O completo isolamento dos concorrentes é uma das regras básicas da atração. Tanto que os candidatos que participavam do programa em Portugal, na África do Sul, na Dinamarca e na Bélgica em 11 de setembro deste ano não ficaram sabendo que os Estados Unidos haviam sofrido um atentado terrorista.
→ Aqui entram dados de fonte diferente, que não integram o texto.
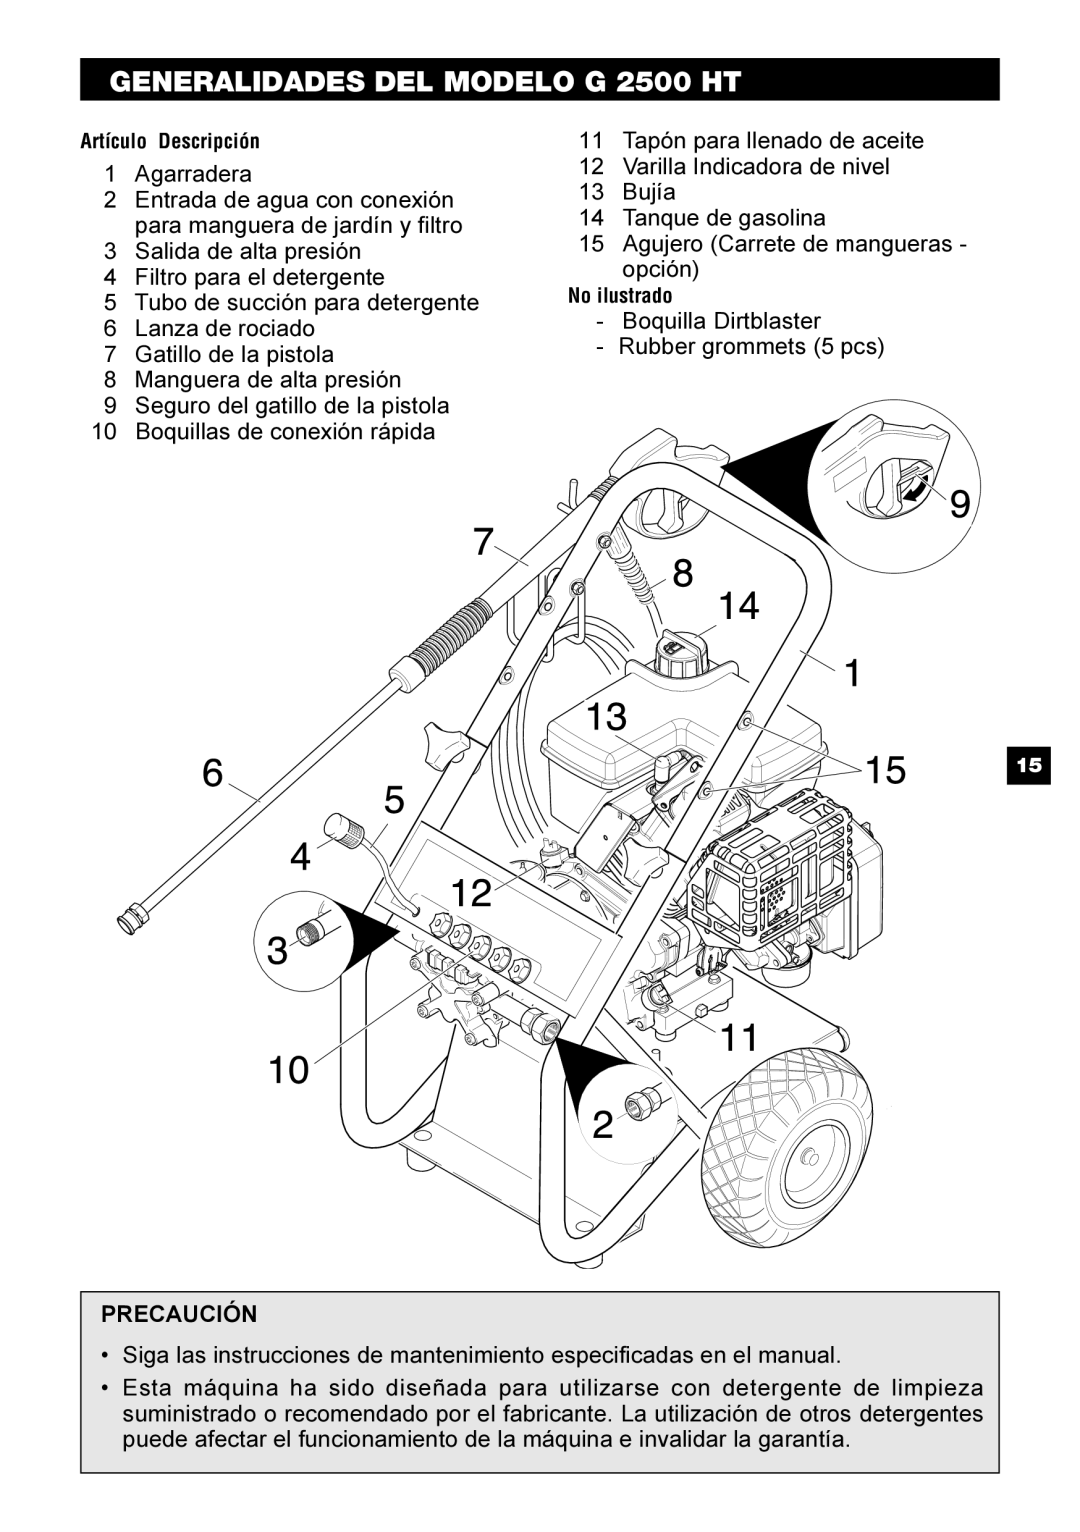 Karcher manual GENERALIDADES DEL MODELO G 2500 HT, Artículo Descripción, No ilustrado 
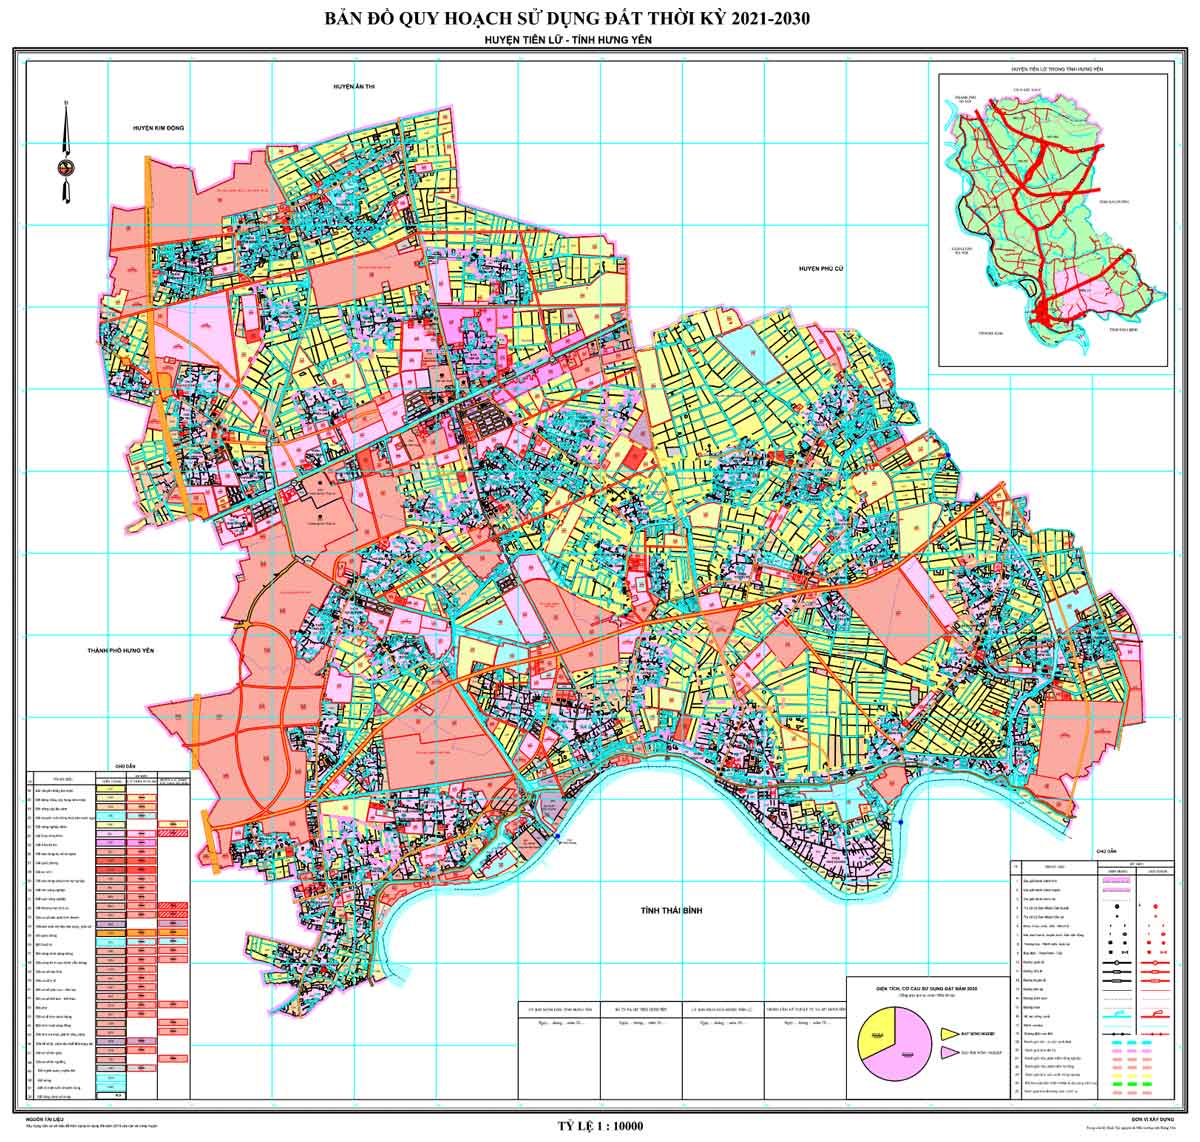 Bản đồ QHSDĐ huyện Tiên Lữ đến năm 2030

Somente na Holanda os responsáveis pelo programa decidiram quebrar as regras do jogo e contar aos concorrentes que o mundo estava à beira de uma nova guerra.

Na maioria dos países em que é exibido, ‘Big brother’ vira fenômeno. Em Portugal, onde está em sua terceira edição, o programa vem fazendo uma multidão sintonizar a TVI, que liderou a audiência quando exibiu a primeira versão do jogo. Lá, há inclusive um canal pago que exibe ‘Big brother’ 24 horas por dia, exatamente como vai acontecer no Brasil.

A França resistiu o quanto pôde à onda dos reality shows , mas também acabou se rendendo ao programa: ‘Loft story’, versão local de ‘Big brother’, levou a emissora M6 ao primeiro lugar e fez o presidente da TF 1, até então a líder de audiência, esbravejar, alegando que o programa nada acrescentava à cultura francesa. Menos de dois meses depois, no entanto, a TF1 assinava contrato com a Endemol para produzir outros de seus formatos."